- [Instructions to follow]:
The lines to repeat are those below from the one containing "penn 1 20 Things" down to the one containing "Sims 4 Топ захватывающих игр", both included; reproduce them exactly and nothing else.

Recorded data

***

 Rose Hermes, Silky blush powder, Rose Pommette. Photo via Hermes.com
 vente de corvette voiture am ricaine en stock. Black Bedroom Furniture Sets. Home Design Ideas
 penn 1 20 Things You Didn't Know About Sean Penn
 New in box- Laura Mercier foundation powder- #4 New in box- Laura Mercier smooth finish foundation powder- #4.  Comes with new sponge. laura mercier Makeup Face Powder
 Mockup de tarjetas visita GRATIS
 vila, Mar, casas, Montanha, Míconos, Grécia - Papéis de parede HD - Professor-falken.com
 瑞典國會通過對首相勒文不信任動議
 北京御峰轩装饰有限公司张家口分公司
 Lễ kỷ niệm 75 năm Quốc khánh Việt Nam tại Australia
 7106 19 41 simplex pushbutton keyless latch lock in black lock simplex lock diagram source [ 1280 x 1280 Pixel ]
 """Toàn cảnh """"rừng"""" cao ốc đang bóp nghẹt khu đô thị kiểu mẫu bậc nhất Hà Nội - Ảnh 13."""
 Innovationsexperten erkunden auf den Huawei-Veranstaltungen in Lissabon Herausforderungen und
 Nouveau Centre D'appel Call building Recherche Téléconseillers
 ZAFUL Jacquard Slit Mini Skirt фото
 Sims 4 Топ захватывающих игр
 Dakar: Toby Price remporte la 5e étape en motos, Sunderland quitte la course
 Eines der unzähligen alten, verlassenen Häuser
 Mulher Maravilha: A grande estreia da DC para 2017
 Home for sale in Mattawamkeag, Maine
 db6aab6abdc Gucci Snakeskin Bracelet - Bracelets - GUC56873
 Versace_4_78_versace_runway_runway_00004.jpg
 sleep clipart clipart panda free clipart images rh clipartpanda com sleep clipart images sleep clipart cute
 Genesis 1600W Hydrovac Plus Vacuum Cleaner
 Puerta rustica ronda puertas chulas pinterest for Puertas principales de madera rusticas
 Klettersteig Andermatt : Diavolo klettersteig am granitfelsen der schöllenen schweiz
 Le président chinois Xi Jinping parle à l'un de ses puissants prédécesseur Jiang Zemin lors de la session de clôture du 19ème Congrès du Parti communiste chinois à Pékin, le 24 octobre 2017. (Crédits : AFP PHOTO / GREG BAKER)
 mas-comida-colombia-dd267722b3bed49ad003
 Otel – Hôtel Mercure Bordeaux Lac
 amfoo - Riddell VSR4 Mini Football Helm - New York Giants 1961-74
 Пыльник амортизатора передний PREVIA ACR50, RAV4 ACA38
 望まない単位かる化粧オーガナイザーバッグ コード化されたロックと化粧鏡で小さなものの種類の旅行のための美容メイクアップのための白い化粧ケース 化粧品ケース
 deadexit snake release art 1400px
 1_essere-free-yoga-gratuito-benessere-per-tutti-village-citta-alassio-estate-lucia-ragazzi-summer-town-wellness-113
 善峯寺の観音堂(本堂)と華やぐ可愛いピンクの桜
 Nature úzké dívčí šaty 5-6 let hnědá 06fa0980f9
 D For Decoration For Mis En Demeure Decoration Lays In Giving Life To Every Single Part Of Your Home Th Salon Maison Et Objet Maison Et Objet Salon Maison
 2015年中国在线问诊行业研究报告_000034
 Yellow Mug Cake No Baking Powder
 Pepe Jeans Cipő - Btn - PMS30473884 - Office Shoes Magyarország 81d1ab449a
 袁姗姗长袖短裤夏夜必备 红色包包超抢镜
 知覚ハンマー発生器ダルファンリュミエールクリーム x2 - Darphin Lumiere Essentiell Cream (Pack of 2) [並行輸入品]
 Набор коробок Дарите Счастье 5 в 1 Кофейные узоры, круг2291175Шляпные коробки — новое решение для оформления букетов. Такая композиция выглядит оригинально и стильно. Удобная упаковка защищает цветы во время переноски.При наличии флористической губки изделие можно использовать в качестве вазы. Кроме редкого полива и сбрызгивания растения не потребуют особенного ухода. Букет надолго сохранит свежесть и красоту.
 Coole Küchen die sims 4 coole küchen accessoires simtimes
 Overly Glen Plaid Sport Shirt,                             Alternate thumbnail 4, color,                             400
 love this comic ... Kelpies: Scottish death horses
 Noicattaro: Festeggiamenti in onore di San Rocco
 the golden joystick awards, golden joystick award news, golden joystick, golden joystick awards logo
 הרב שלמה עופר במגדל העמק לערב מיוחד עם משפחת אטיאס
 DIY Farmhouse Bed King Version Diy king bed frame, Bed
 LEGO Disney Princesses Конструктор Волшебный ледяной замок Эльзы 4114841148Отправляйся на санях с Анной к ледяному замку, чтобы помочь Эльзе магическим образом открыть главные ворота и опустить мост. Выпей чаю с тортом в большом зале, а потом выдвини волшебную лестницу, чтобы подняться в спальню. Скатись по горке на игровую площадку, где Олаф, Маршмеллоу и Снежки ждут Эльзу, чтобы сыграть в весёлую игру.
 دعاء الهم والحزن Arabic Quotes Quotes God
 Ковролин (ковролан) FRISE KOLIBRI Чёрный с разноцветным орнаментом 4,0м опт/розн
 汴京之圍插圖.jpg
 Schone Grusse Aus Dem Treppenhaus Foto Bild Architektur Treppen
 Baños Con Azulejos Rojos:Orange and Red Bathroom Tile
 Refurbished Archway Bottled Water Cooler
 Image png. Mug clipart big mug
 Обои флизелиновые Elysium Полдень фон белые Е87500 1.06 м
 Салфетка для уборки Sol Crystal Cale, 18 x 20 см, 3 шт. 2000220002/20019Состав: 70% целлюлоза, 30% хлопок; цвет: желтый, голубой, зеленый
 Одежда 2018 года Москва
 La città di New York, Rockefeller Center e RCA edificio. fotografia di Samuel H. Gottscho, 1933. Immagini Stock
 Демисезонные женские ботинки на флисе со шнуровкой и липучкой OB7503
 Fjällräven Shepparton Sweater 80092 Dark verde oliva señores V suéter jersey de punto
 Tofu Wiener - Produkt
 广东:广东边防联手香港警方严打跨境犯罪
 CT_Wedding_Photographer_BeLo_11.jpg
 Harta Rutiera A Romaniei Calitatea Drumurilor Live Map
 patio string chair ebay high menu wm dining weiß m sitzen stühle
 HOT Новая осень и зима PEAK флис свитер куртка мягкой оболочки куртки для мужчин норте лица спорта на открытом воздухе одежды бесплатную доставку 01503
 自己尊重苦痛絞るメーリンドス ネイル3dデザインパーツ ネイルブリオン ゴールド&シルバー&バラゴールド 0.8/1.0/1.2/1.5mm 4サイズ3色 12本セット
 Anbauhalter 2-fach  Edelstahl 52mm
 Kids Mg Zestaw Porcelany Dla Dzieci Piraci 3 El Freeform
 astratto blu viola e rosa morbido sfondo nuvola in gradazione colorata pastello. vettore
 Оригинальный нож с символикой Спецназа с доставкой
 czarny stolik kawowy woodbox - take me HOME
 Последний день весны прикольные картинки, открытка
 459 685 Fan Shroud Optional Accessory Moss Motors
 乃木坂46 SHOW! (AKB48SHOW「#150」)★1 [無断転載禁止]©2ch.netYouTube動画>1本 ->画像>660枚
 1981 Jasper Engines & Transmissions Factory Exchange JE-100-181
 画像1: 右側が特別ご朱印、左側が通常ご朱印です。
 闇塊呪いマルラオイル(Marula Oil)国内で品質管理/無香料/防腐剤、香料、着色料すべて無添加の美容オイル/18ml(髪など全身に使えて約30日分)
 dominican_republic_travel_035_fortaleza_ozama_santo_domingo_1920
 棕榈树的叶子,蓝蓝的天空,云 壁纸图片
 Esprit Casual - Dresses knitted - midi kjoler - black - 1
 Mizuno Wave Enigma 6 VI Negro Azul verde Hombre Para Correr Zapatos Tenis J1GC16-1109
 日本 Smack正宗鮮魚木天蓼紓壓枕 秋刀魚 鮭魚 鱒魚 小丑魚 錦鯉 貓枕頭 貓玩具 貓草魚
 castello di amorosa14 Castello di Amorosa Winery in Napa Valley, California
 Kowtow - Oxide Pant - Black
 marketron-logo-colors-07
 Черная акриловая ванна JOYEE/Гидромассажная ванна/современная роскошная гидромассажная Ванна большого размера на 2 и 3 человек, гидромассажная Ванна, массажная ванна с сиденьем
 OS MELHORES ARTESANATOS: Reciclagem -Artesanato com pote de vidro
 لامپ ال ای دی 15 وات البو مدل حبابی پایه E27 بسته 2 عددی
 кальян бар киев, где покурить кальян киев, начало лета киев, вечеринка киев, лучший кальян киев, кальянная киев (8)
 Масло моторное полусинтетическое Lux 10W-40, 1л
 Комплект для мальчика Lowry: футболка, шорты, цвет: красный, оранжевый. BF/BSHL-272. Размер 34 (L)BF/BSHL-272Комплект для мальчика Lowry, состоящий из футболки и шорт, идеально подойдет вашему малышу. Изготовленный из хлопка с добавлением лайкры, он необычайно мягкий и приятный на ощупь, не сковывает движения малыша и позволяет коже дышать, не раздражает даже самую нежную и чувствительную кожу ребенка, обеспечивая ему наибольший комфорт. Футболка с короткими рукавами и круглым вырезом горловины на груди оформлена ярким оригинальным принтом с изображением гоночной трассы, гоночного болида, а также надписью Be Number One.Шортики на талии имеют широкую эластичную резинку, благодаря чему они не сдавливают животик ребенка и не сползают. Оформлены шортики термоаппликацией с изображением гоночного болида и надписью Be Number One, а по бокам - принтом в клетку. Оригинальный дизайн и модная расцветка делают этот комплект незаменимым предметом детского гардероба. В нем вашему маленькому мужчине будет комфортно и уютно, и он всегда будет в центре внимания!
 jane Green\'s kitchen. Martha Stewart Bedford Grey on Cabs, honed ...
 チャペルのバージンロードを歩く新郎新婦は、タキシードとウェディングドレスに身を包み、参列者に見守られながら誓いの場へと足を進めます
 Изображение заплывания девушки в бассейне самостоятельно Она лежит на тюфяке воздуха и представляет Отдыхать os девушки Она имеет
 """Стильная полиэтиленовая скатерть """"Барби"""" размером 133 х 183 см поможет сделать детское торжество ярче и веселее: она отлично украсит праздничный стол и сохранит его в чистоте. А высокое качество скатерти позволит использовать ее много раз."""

***

- [Result for this exercise]:
 penn 1 20 Things You Didn't Know About Sean Penn
 New in box- Laura Mercier foundation powder- #4 New in box- Laura Mercier smooth finish foundation powder- #4.  Comes with new sponge. laura mercier Makeup Face Powder
 Mockup de tarjetas visita GRATIS
 vila, Mar, casas, Montanha, Míconos, Grécia - Papéis de parede HD - Professor-falken.com
 瑞典國會通過對首相勒文不信任動議
 北京御峰轩装饰有限公司张家口分公司
 Lễ kỷ niệm 75 năm Quốc khánh Việt Nam tại Australia
 7106 19 41 simplex pushbutton keyless latch lock in black lock simplex lock diagram source [ 1280 x 1280 Pixel ]
 """Toàn cảnh """"rừng"""" cao ốc đang bóp nghẹt khu đô thị kiểu mẫu bậc nhất Hà Nội - Ảnh 13."""
 Innovationsexperten erkunden auf den Huawei-Veranstaltungen in Lissabon Herausforderungen und
 Nouveau Centre D'appel Call building Recherche Téléconseillers
 ZAFUL Jacquard Slit Mini Skirt фото
 Sims 4 Топ захватывающих игр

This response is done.